If you are automating what happens after a form submission, the best Make.com alternatives for solo developers covers the automation layer. For managing form responses alongside your other project data, the Notion vs Obsidian vs Anytype comparison covers the knowledge management side.
Frequently Asked Questions
Is Tally really free with no response limits?
Yes. Tally offers unlimited forms and unlimited submissions on the free plan, including conditional logic, Stripe payments, e-signatures, file uploads (up to 10MB), webhooks, and integrations with Notion, Airtable, and Google Sheets. The only hard limits are 10MB per file upload and the vague "fair usage" policy. In practice, most indie hackers never hit either. Branding removal and custom domains require the $24/month Pro plan.
What is the cheapest Typeform alternative in 2026?
Tally is the cheapest at $0 for unlimited responses. Fillout is free for up to 1,000 responses/month. Both include conditional logic, payments, and file uploads that Typeform gates behind its $25/month Basic plan (which only gives you 100 responses). For a solo developer or early-stage SaaS, either Tally or Fillout eliminates any reason to pay Typeform prices.
Does Fillout integrate with Notion and Airtable?
Yes, and it is one of Fillout is strongest selling points. Fillout connects directly to Airtable and Notion databases so form responses create or update records without any Zapier or Make.com in between. This bidirectional sync is native and available on the free plan. Tally also integrates with Notion and Airtable but the sync is one-directional by default, pushing responses as new records rather than updating existing ones.
Can I accept payments on Tally or Fillout for free?
Yes on both. Tally supports native Stripe payments on the free plan with no extra platform fee beyond Stripe standard rates (2.9% + $0.30). Fillout also supports Stripe payments on the free plan. Neither tool takes a cut of your transactions. Typeform also supports Stripe payments but only on paid plans. For an indie hacker selling a product or collecting a deposit, both Tally and Fillout free tiers work fine.
When should I upgrade from Tally free to Pro?

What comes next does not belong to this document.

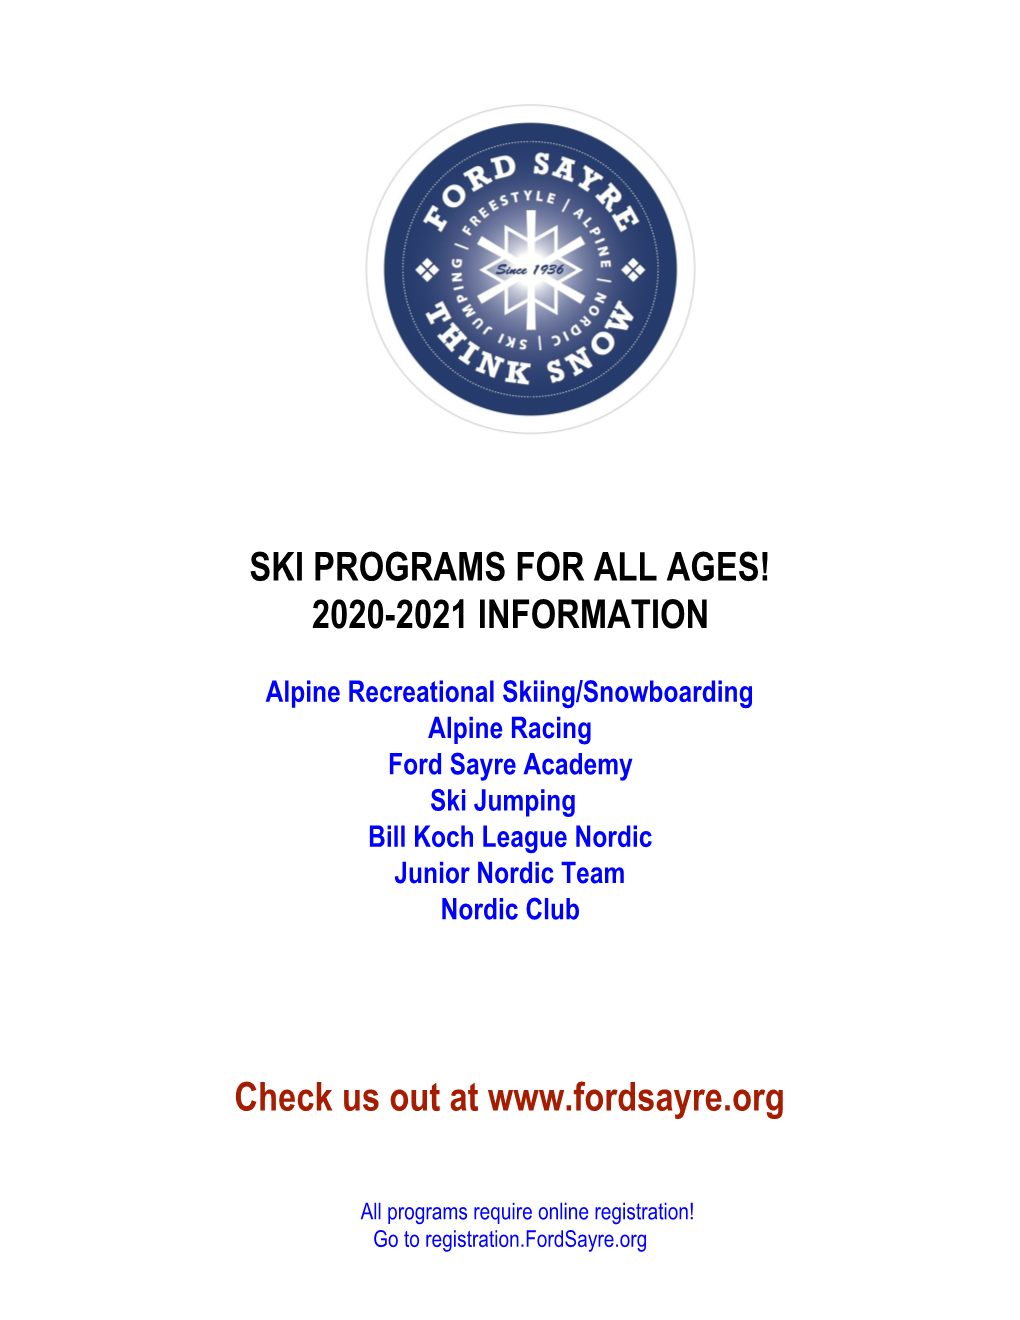 Ski Programs for All Ages! 2020-2021 Information

Upgrade to Tally Pro ($24/month annual) when you need a custom domain on your forms, want to remove Tally branding from the form URL and confirmation screen, or need partial submission capture (recovering responses from people who started but did not finish). The $74/month Business plan is only worth it if you need GDPR-compliant automatic deletion of submission data or email verification on responses.